Are you always the one paying after an extravagant meal? Is your partner dependent on your finances and makes you pay for everything? Perhaps you are in a relationship with a gold digger. 

 


Ever been with someone who cannot see beyond themselves but wants your financial aid for survival? In fact, have you ever been in a relationship where you're paying for your partner's expenses at all times? So much that there is no track of debt maintained because you're in love? Well, chances are you're probably in a relationship with a gold digger. They will drag you to the most expensive places, have a supremely lavish lifestyle and would make sure that you're the one paying for everything. But how do you know if you are being used and are with a gold digger? Here are some signs that will help you realise the same! 

They always pick the fanciest place to dine 

The first dates are all about making an impression. However, that doesn't mean you head to the Taj or SoHo House. Go someplace nice and balanced which doesn't burn a hole in your rich pockets. However, when it comes to dating a gold digger, you will notice that the person wants you to take them to a rich and fancy place on the first date. Moreover, they wouldn't shy away from ordering the most expensive things on the list, sipping down 60-year-old wine bottles and rounding up with a dessert. Of course, the big red flag would be if they make you pay for the whole thing. 

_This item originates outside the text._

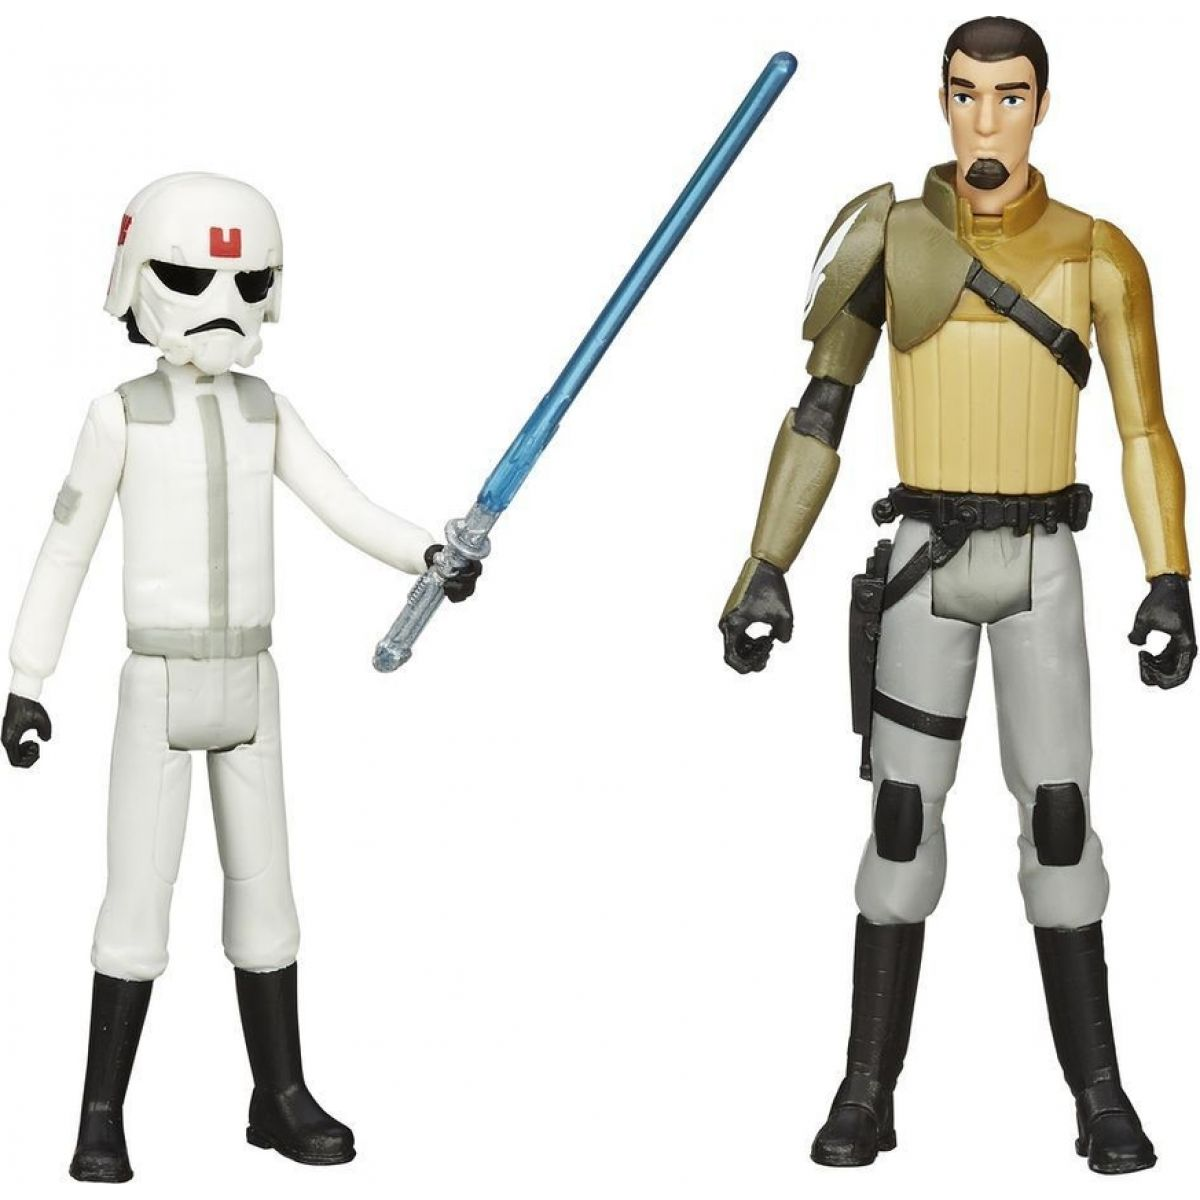 Star Wars akční figurky 2ks Hasbro A5228 - Ezra Bridger a Kanan Jarrus

They talk too much about their extravagant lifestyle 

During your date with the individual, if you notice that they talk too much about their extravagant lifestyle then you're sitting next to a gold digger. One of the main reasons why they keep fixating on their lavish lifestyle is for you to know that they would be expecting you to match up to it. It also a means for them to find out if you even know about these places as that would give them an idea of where you belong and whether you can eventually take them to these places. That's a sign of a gold digger and not the kind you need in your life. 

Gold digger

They do not pay for anything 

Have you ever been on a date where you paid for it instead of splitting the bill? Or has it happened recurrently with the same person? If the idea of splitting the bill doesn't exist, it simply means that the person is too comfortable not paying their share and expects you to eventually take care of all their expenses. This is just a start and soon you will see them ask you to cover for their other expenses too. Take up the subject if you notice that they are not chipping in their share of the money instead of encouraging their behaviour. 

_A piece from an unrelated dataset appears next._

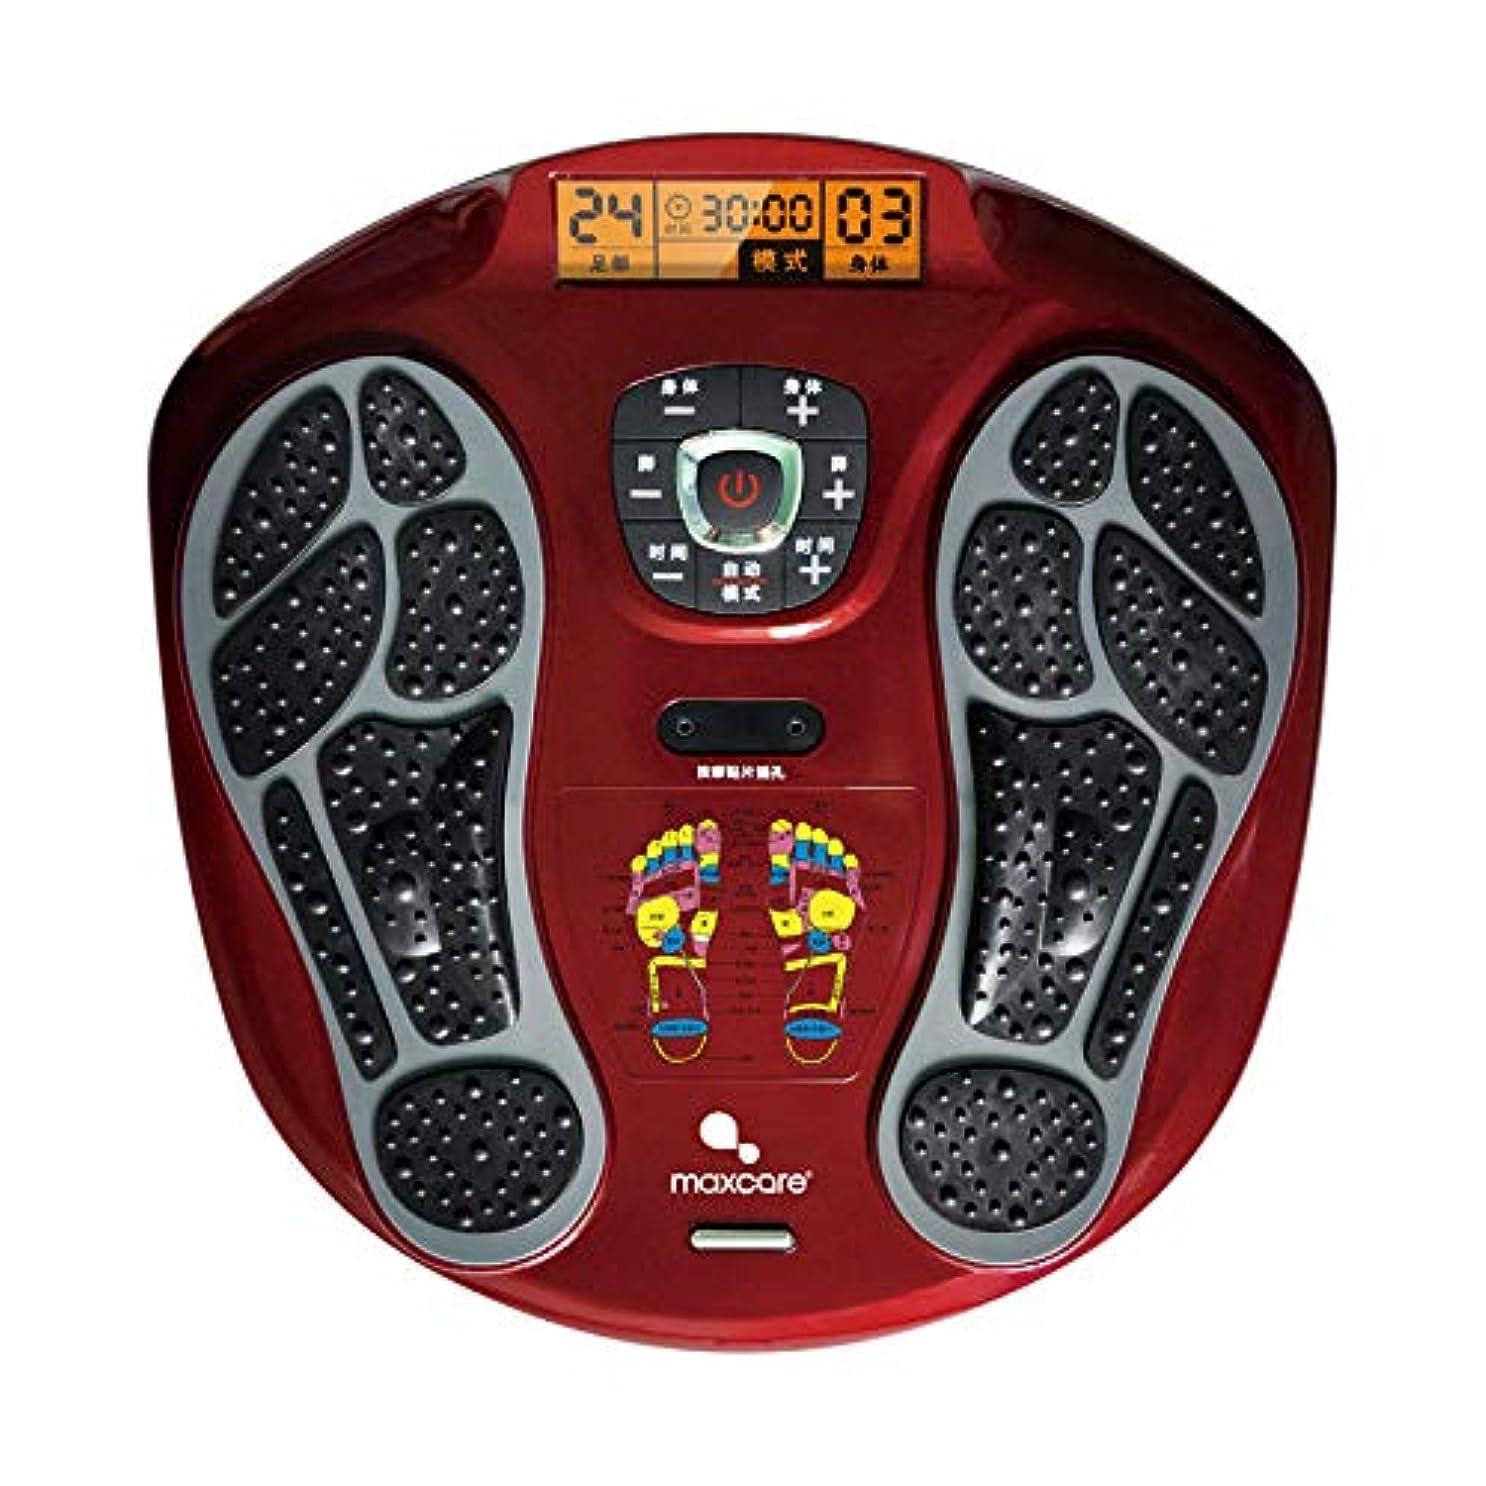 パターン演じる取り壊すリモコン 足マッサージ、フルフットマッサージ体験のためのLEDディスプレイスクリーン、疲れて痛む足をリラックス インテリジェント
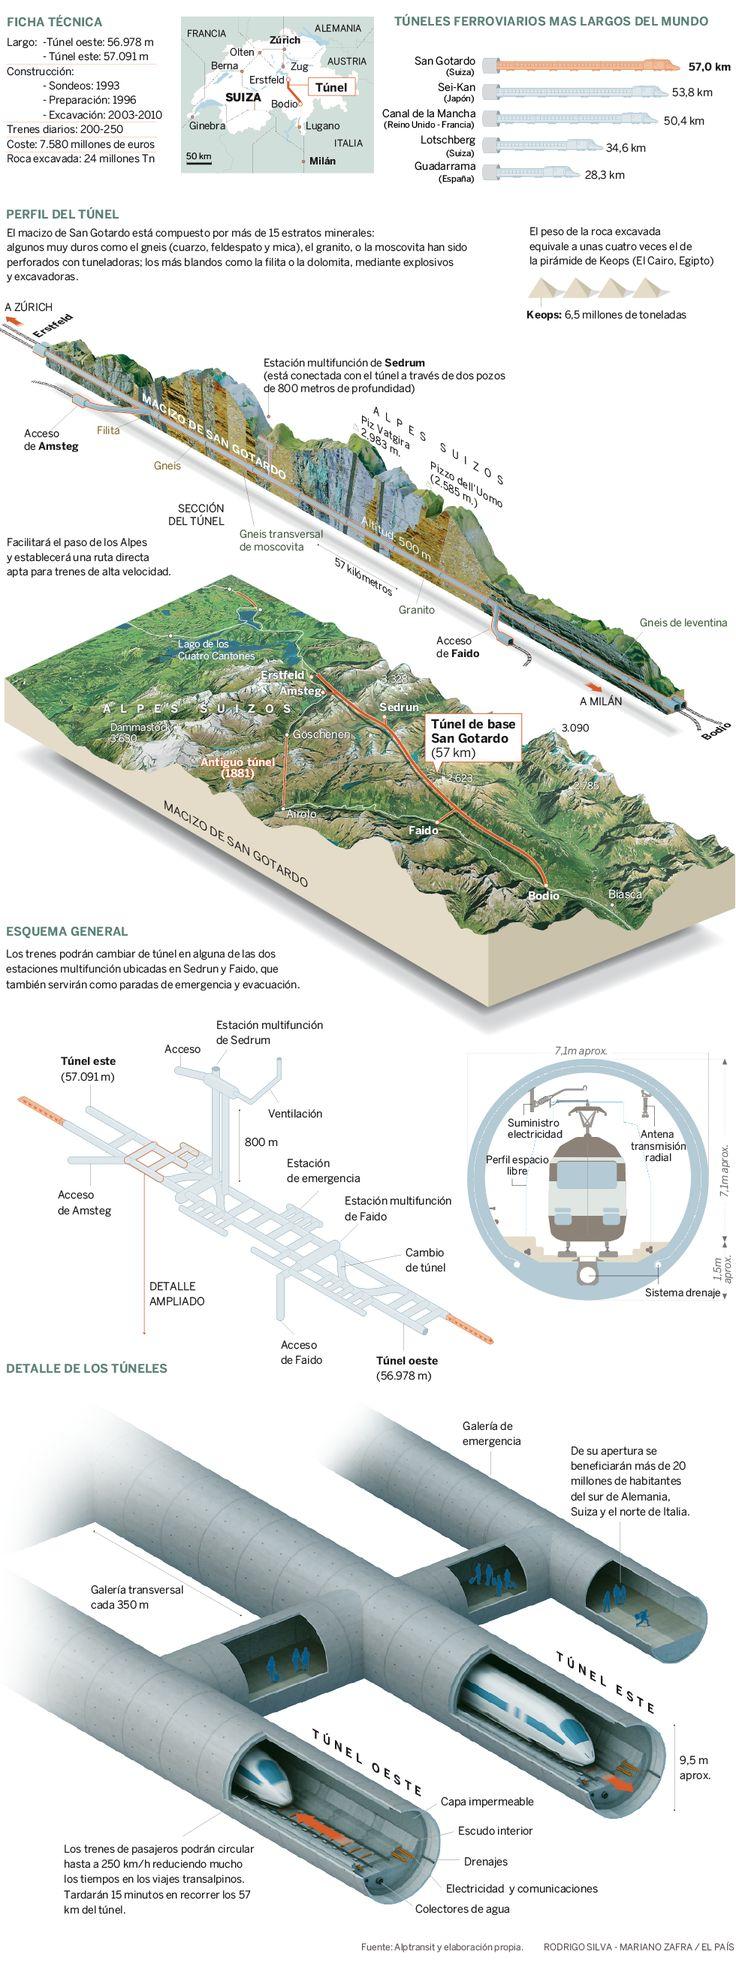 El túnel de San Gotardo

They are curious about your income 

"Where do you work?" is a very normal question to ask out of curiosity. But "what's your position in the company?" is an inquiry at your salary status. Often individuals who are rich try to flaunt the same. You might need to hold that thought and first see if the person you're interested in wants you for you or for your money. If the person is prodding too much on how much money you make, you need to get out of the space as fast as you can. Or you will end up in a place where the person is staying with you for your money. 

Gold digger

They are always struggling financially 

Within the first few dates, as a means to test the waters, a gold digger might incidentally experience a financial crisis for which they would need your help. They might need money with respect to some of the conundrums faced and ask you for it. You will get a panic call maybe in the middle of the day to let you know that they need you right away along with your wallet. They need to be certain if you can handle their "petty" finances to see if you might eventually get them the big stuff. You will see them waltz around the Gucci showrooms and pick the fanciest and expensive outfit. 

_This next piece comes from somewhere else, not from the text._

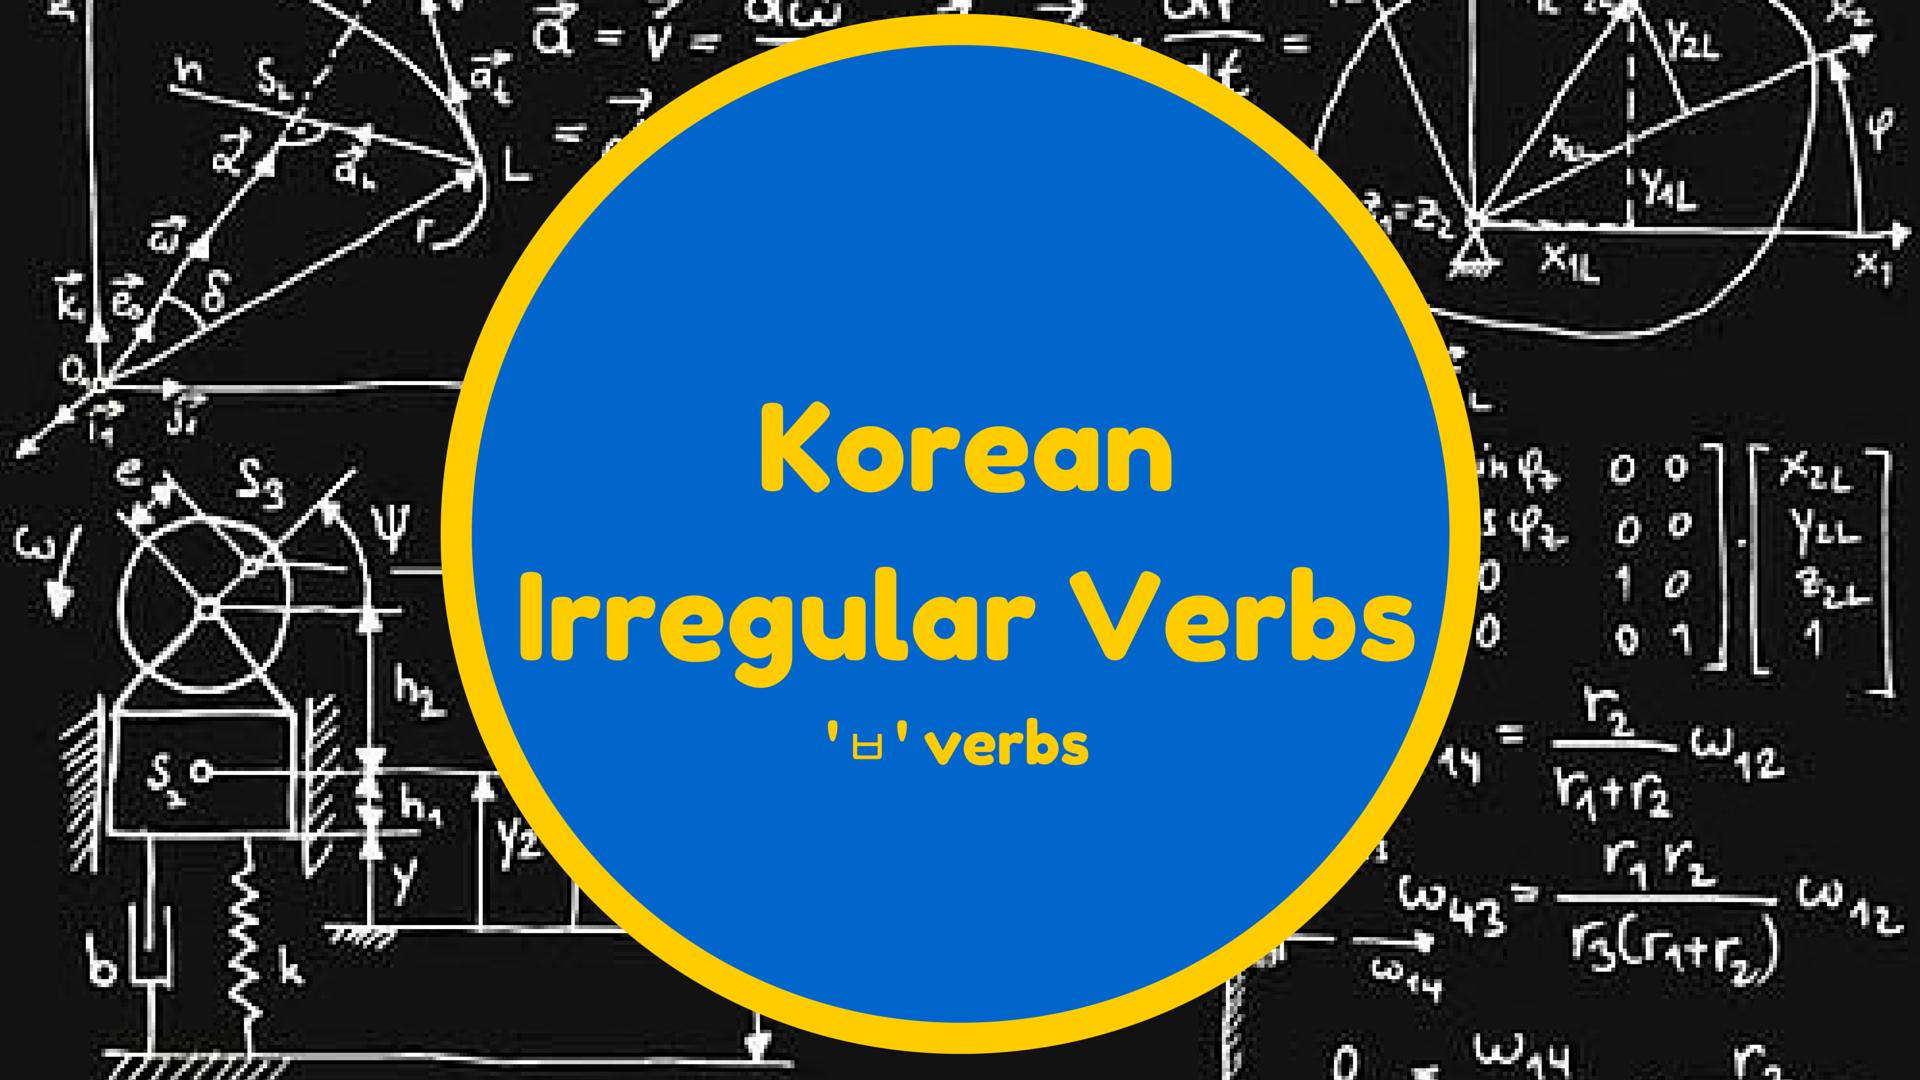 ㅂ Irregular Verbs

They feel entitled and are not grateful 

You will notice that they are not the most mannered person in the room. They do not show gratitude and take everything and everyone for granted. In fact, you will see how they behave a certain way around people who they deem inferior to them. The bad behaviour is easy to spot and shows a side that you might not like. They will never say the words "Please" or "Thank you" to express gratitude. It is bad manners and a big red flag that they are only looking for someone with money. 

They are not career-oriented and act immature 

One of the biggest things to notice about gold diggers is their lack of ambition and career goals. When you do go out on a date, try to ask them about their career goals and what they wish to do in the future. In fact, ask them what they are currently doing and where they see themselves in the next five years. Gold diggers would often have the vaguest answers to give as they do not see a career as a big deal. All they would want is to be taken care of instead of doing things on their own. It is one of the biggest red flags you can spot that the person is a gold digger. Simultaneously, if they are gold diggers, they would act immature. Taking selfies on the first date to show the fancy food you shared and talk in one of those childish manners.